As it turned out in addition to fans all over the country, Joe DiMaggio had an admirer in the form of another Greatest of All Time in the City. Where Joe DiMaggio dominated the bases, Bill Robinson dominated the ballroom. Known as one of the era defining performers of his time, Bill Robinson is most remembered for his roles alongside Shirley Temple and for defying societal and racial norms of the time period. Perhaps lesser known today is that he is also a major Yankees fan and was crowned by the New York Times as the Yankee’s No. 1 fan and the honorary mayor of Harlem.
Robinson attended games frequently and would arrange his schedule so he would always be free for the World Series. Robinson and DiMaggio eventually became friends, and DiMaggio would later be the pallbearer alongside Jackie Robinson, Duke Ellington, and Irving Berlin for Robinson’s funeral.
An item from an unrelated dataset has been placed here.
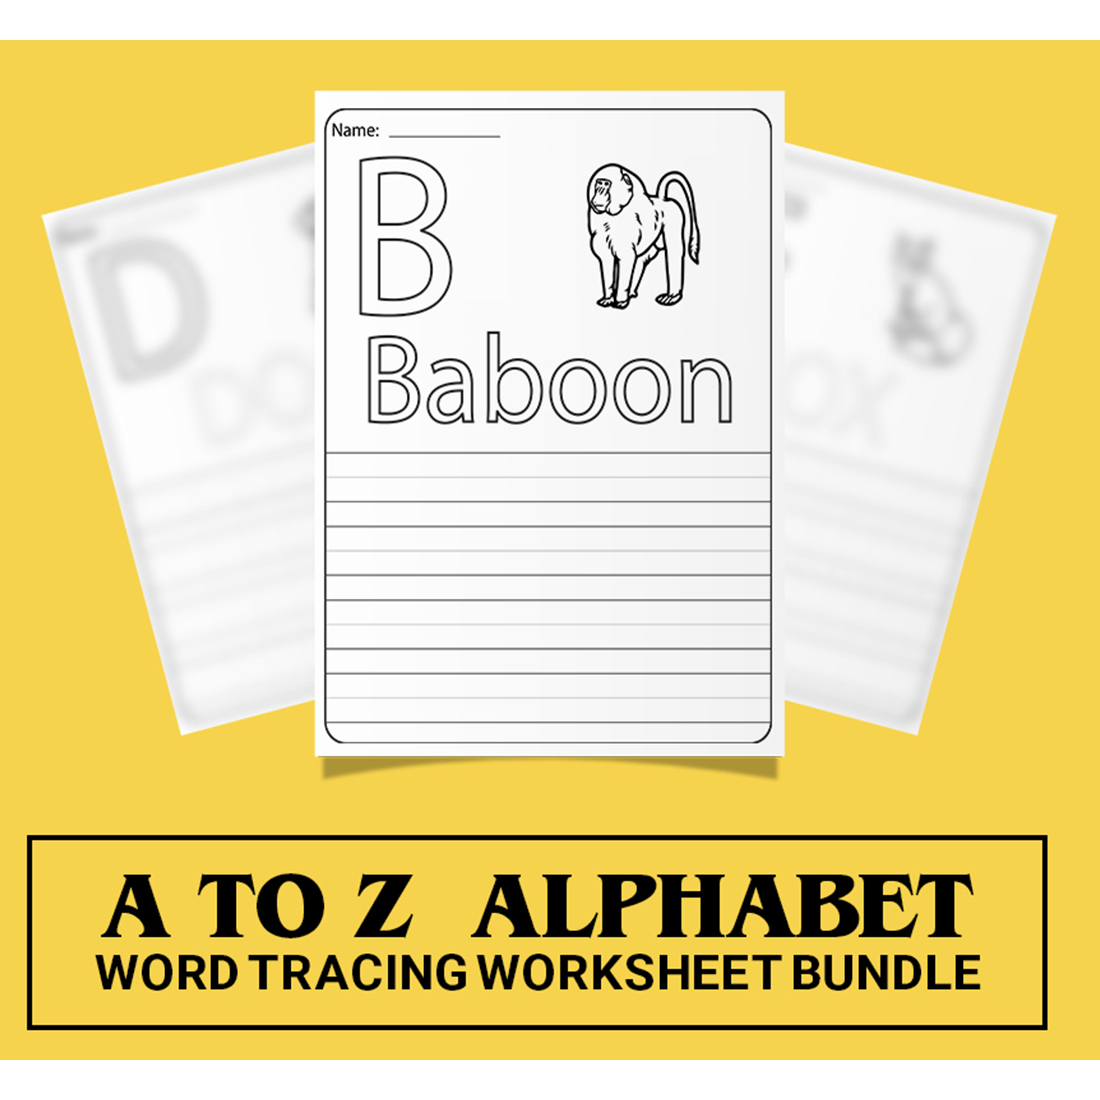 A collection of images of wonderful sheets for learning the alphabet

Considered by many to be the greatest baseball player in history, Joe DiMaggio was gifted this present watch by Bill Robinson, remembered as the best known and the most highly paid black entertainer in the United States during the first half of the 20th century.
Paris
Similar to the story behind the watch, the watch itself was composed of the partnership of two horological greats.
During the 1920s Cartier teamed up with Edmund Jaeger to form the European Watch and Clock Company. The joint venture granted Cartier exclusive access to all movements produced by Jaeger for a period of 15 years. However, Edmond Jaeger had to turn to movement specialist LeCoultre & Cie to produce the necessary quantity to fill the increasing amount of orders from Cartier. The three-way relationship turned out to be so successful that Jaeger and LeCoultre officially merged to become Jaeger-LeCoultre in 1937 and Cartier continued to rely on movements provided by the firm for decades. Watches bearing movements that exemplify this three-way partnership have since become highly sought after for their rarity and technological ingenuity for the time.
We are honored to present the present lot: a true marriage between two Grandes Maisons and their respective horologic know-hows, and between two of the Greatest of All Times in American sports and entertainment.